1)
original
$$ \begin{bmatrix} 1 & 1 & 1 & 6 \\ 2 & 8 & 4 & 22\\ 1 & 1 & 7 & 18\\ \end{bmatrix} $$ reduced echelon form $$ \begin{bmatrix} 1 & 0 & 0 & 3.0 \\ 0 & 1 & 0 & 1.0\\ 0 & 0 & 1 & 2.0\\ \end{bmatrix} $$
Where I am stuck:
1) I did $-2R_1 + R_2$
2) I did $- R_1 - R_3 $
3) Reduce row $2$ and I get $$ \begin{bmatrix} 1 & 1 & 1 & 6.0 \\ 0 & 1 & 1/3 & 5/3\\ 0 & 0 & 1 & 2\\ \end{bmatrix} $$
On
Your first step is correct: $$-2R_1+R_2 \Rightarrow R_2.$$ Your second step should be: $$-R_1+R_3 \Rightarrow R_3.$$ Your third step should be: $$\frac{1}{6}R_2 \Rightarrow R_2$$ $$\frac{1}{6}R_3 \Rightarrow R_3.$$ The resulting form you wrote is correct.
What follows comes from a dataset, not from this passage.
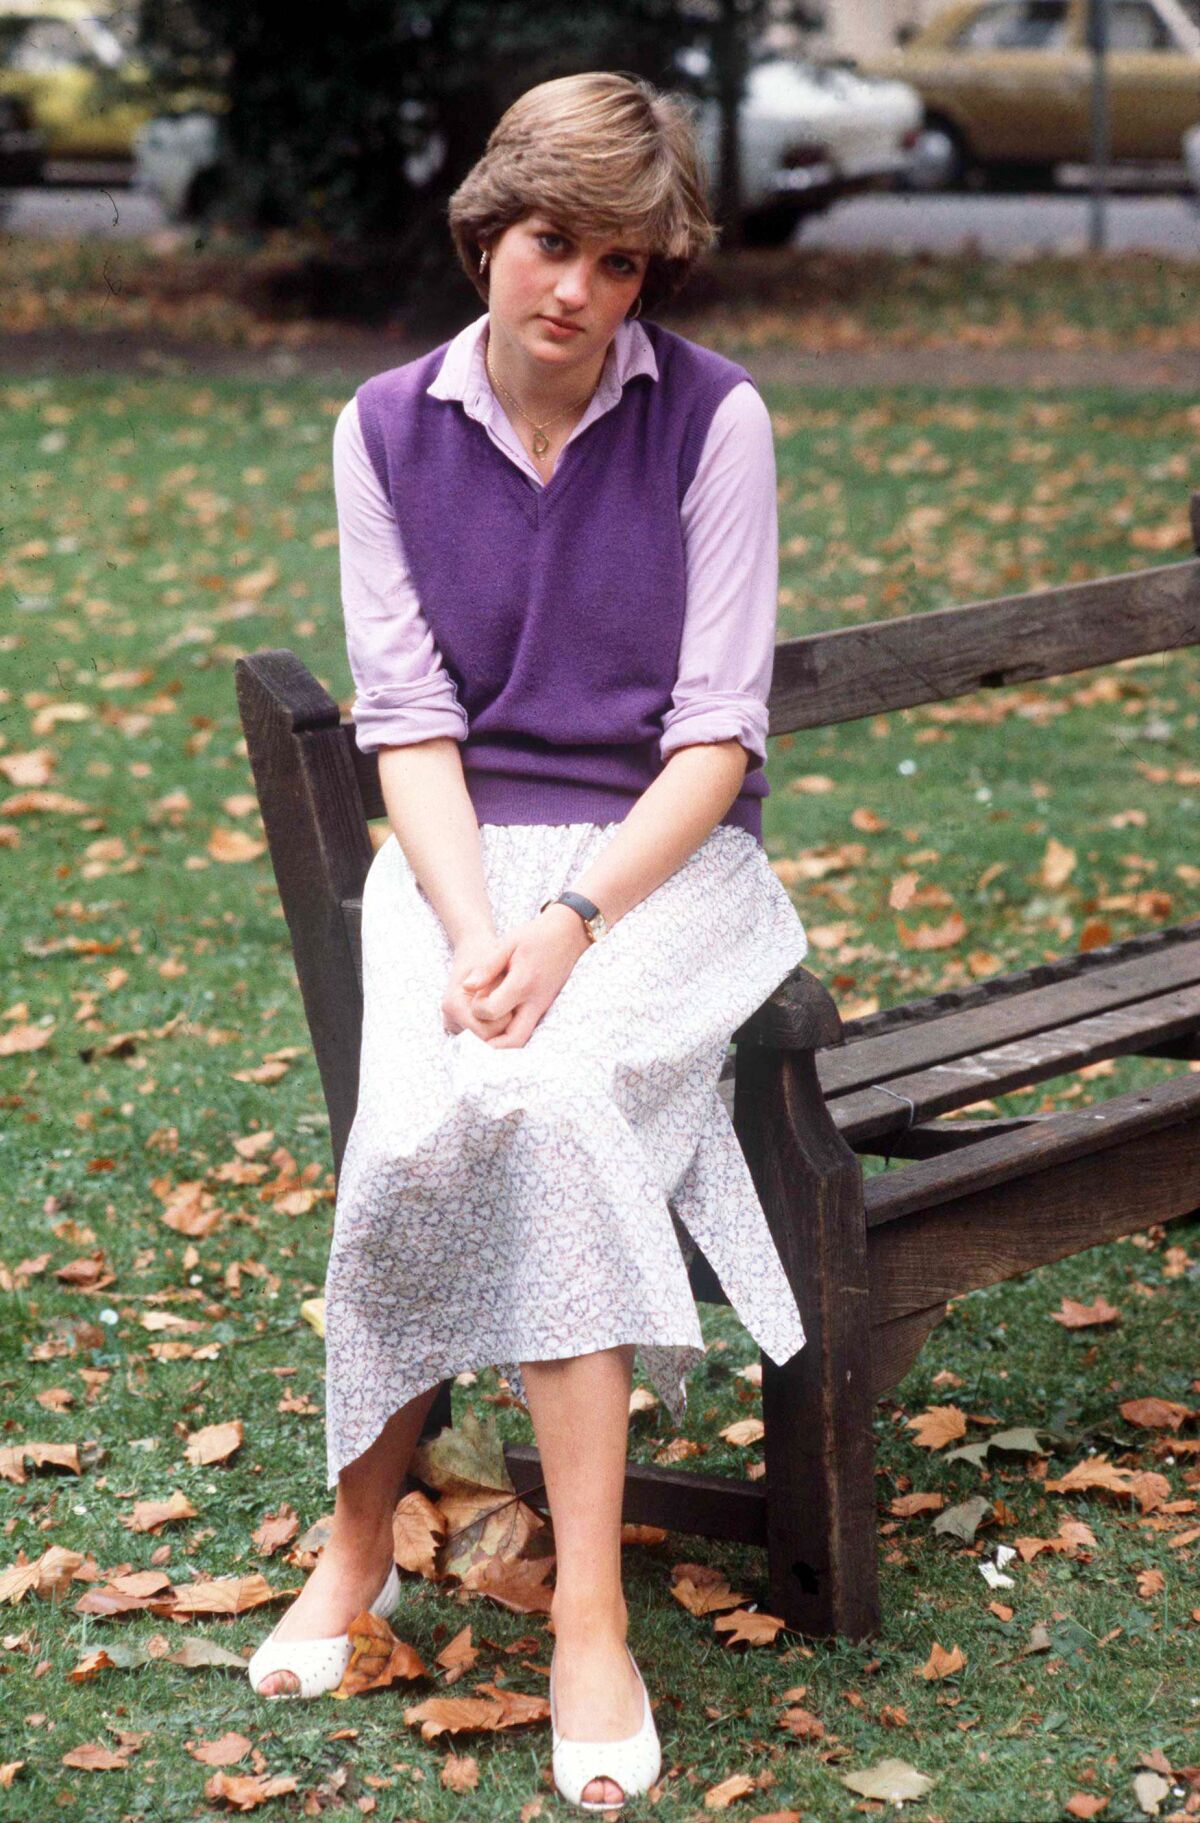 September 1980: Lady Diana Spencer dressed in the unremarkable style of the stereotypical Sloane Ranger.

Next steps are: $$-\frac{1}{3}R_3+R_2 \Rightarrow R_2$$ $$-R_3+R_1 \Rightarrow R_1$$ $$-R_2+R_1 \Rightarrow R_1.$$
Your matrices are row equivalent so far and you have obtained a row echelon form.
To obtain the reduced row echlon form.
Perform $$R_2-\frac13R_3, R_1-R_3, R_1-R_2$$
Remark:
I use the convention of $R_i+cR_j$ to mean add $c$ times $R_j$ to $R_i$ and update $R_i$.